Overall, the FLU1 algorithm and the RSV1 algorithm maintained the highest specificity and PPV across all age strata and months of admission, and were therefore classified as the most valid algorithms to identify influenza and RSV hospitalizations.
Discussion
We established two highly specific ICD-10 algorithms to identify influenza and RSV hospitalizations using large, population-based reference cohorts of patients with laboratory-confirmed hospitalizations over four respiratory virus seasons. Based on the criteria of specificity and PPV, the most valid influenza algorithm included all influenza-specific ICD-10 codes that included laboratory confirmation (FLU1), while the most valid RSV algorithm included all RSV-specific ICD-10 codes (RSV1).
This finding was expected given our reference cohorts were defined using laboratory test results. Medical coding is performed at discharge when testing results may be available; thus, medical coding and laboratory data are not necessarily independent.

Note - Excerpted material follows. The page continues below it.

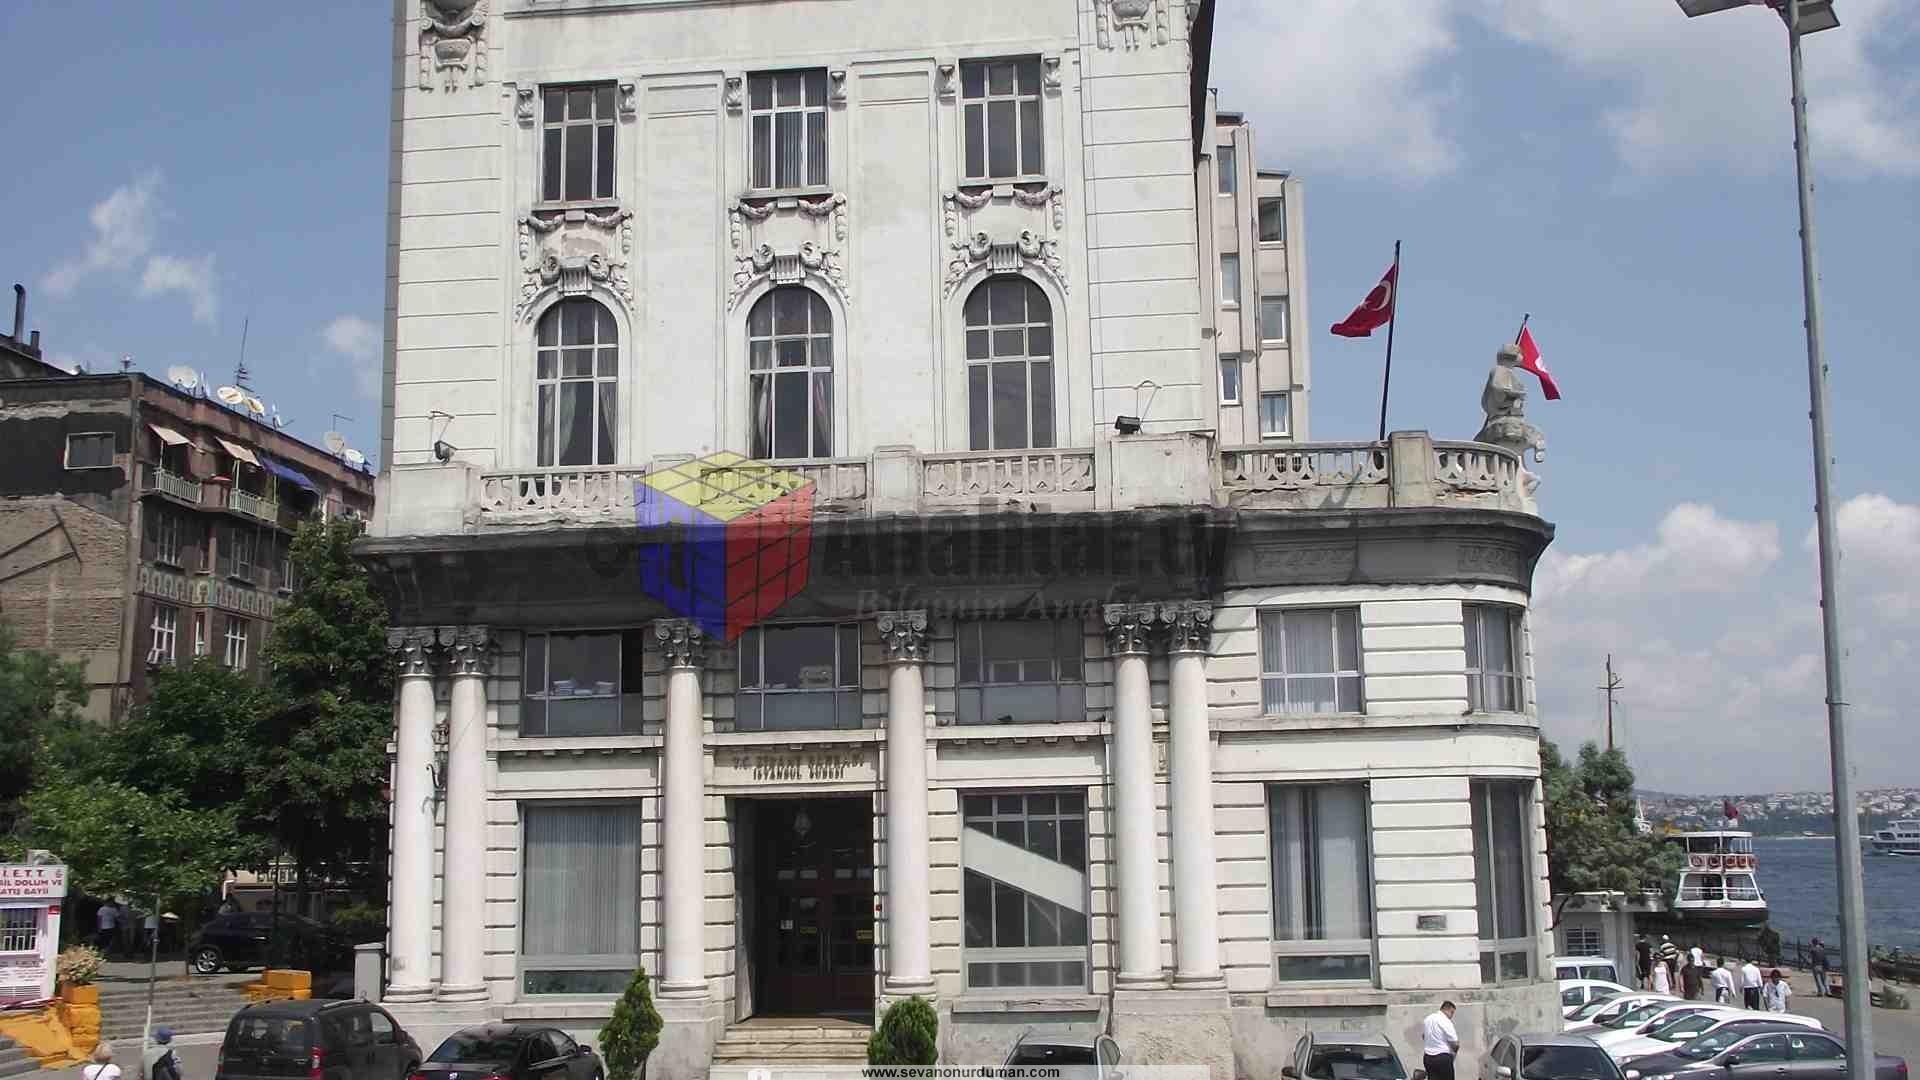 Ziraat Bankası Karaköy ŞubesiFotoğraf: Sevan Onur Duman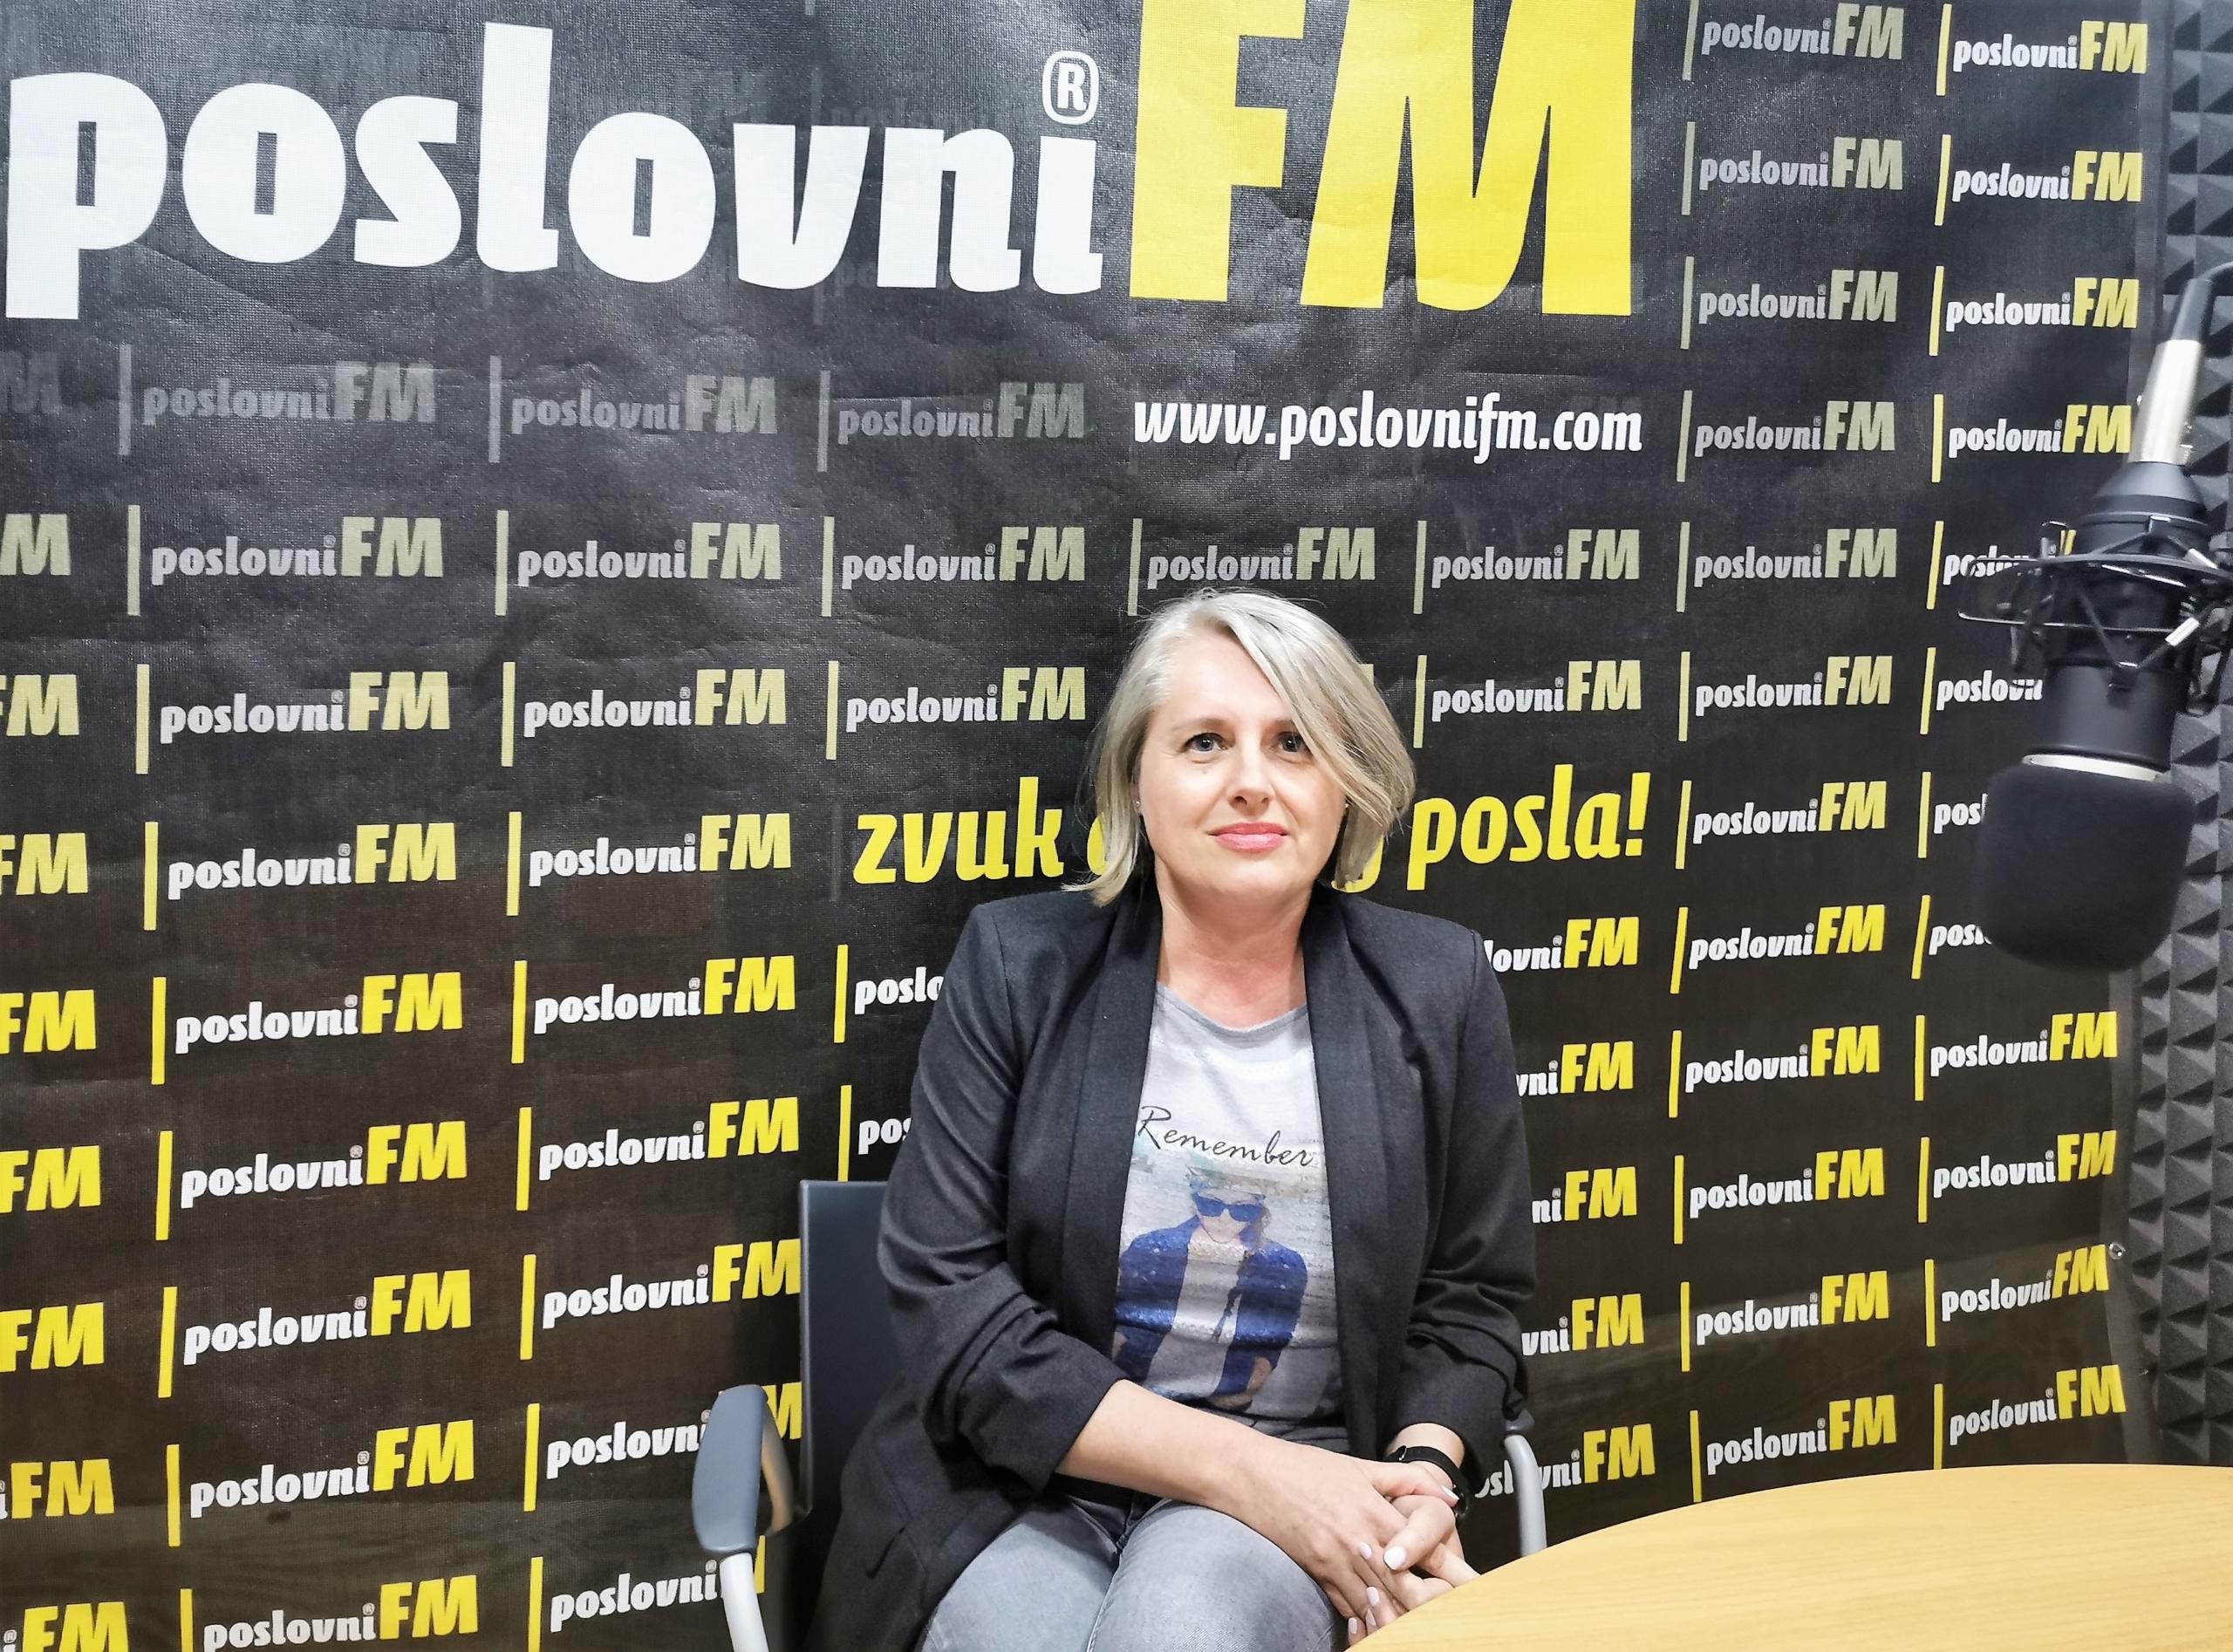 ANita Cvetić Oreščanin

FLU1 and RSV1 maintained high specificity and PPV when the reference cohorts were stratified by age. Thus, the algorithms can be applied to paediatric, adult, and elderly populations with low risk of misclassification bias. The specificity of the algorithms also remained high when assessed by month of hospitalization, although PPV was more variable. The PPV of FLU1 dropped to lows of 87% in November and 86% in May, while the PPV of RSV1 dropped to a low of 89% in April. These decreases were expected, as PPV is dependent on disease prevalence, and the decreases were concordant with typical declines in respiratory virus prevalence and activity in Ontario during those months [14]. Notably, the absolute number of false positives generated during times of low viral activity made up <8% of overall FLU1 false positives and <7% of overall RSV1 false positives. Therefore, while PPV declined during months of lower viral activity, the overall algorithm validity was not impacted.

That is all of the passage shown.